If all organisms were like starfishes and cacti, which simply drop pieces of themselves when they want to reproduce, life would be much simpler. There would be no need for peacock feathers, bird songs, stag antlers, snake odors, or even makeup. Christian Audigier wouldn’t be a millionaire (please, please make it stop) and the gays wouldn’t need cages in their dance clubs. Why? Because no one would get any boners.

For us humans, evolution didn’t work out that way. Instead we spend most of our free time thinking about sex. Or love. Or anything having to do with the opposite sex, really. From what I understand, this takes up most of men’s lives until they’ve gotten old enough so that their junk settles down and they acquiesce into having a family (or dying alone. Either one). Same goes for women. We think about sex all the time, and it gets worse as we get older and the sex gets better. It’s important for everyone to have sex, because sex makes us feel attractive, happy, and energized. In other words, boners are what make the world go ’round.

However, the planet is over-populated and if everyone responded to every available boner that was created we’d all be dead from starvation. Therefore, nature has designed ways to prevent us from having sex—the sound of your mom’s voice, a baby’s cry, news of something tragic. These things are intrinsically opposed to procreation, because nature is a genius and she knows when you aren’t supposed to be doing it.

Let’s take a look at some other classic boner killers that nature has offered up:

Vagina McPantsuit aka Hillary Clinton:
Nothing kills a boner more than feminism.
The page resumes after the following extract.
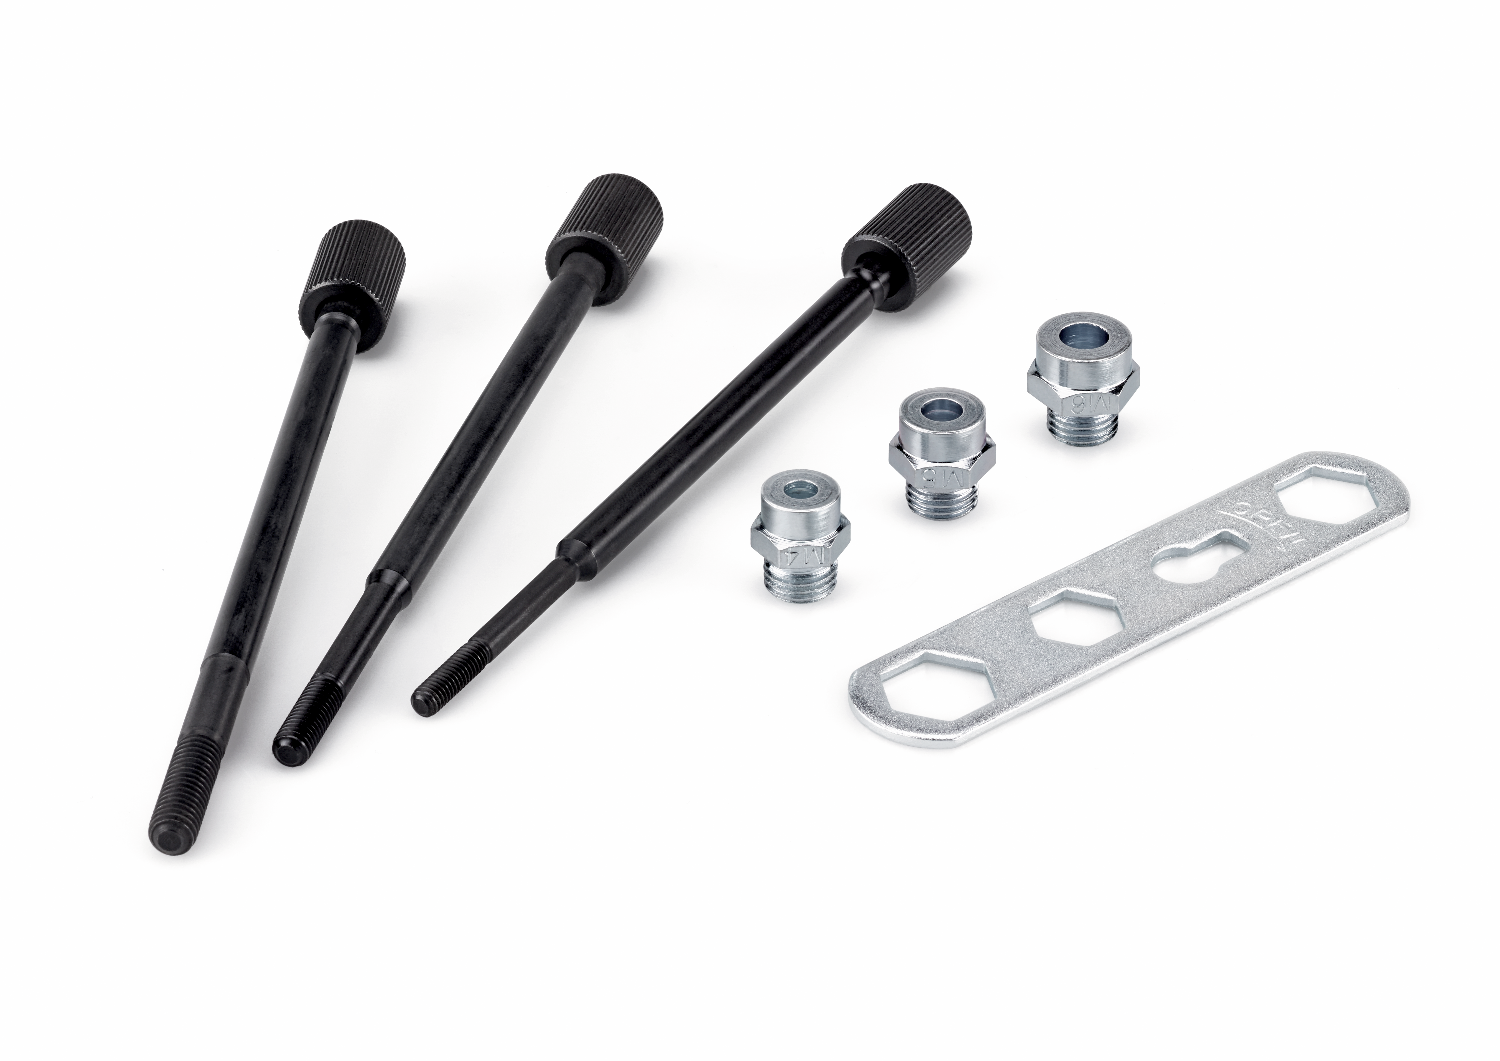 Integrated mounts for M4, M5, M6, suitable threaded mandrel adapter and mounting key

Hillary is an inspiration to women all over the world and has held it together through public humiliation and extreme political duress, but her pantsuits have rendered that point moot. Sorry, but it’s true. Men are jerks.

The cast of “Faces of Meth”: Google the website if you want your ovaries to flush themselves down the toilet in an act of suicide, or never want to have sex with a woman ever again.

Jeremy Piven: There’s no rhyme or reason as to what makes us tingly for someone, but one thing I know for sure is that there are no tingles for the Pivs. He is awful. The guy is an actual boner. He plays himself on TV and has hair plugs and the world’s shittiest attitude. What a chief.

Ed Hardy:
Pretty self-explanatory.

Boner Killers.
Nimble footwear on men (mandals, Uggs, water moccasin-looking thingies):
Girls check you out before deciding if we’re going to let you eventually touch our
hoo-hoos, but no self-respecting woman finds her mom’s shoes appealing on a man.

Jocelyn Wildenstein aka “Cat Woman”: We all had a collective gross-out in 1998 after she started popping up on the televisions, but she’s still alive and was recently spotted prowling at the Beverly Hilton Hotel, which means you still risk being sterilized upon sight. Achtung!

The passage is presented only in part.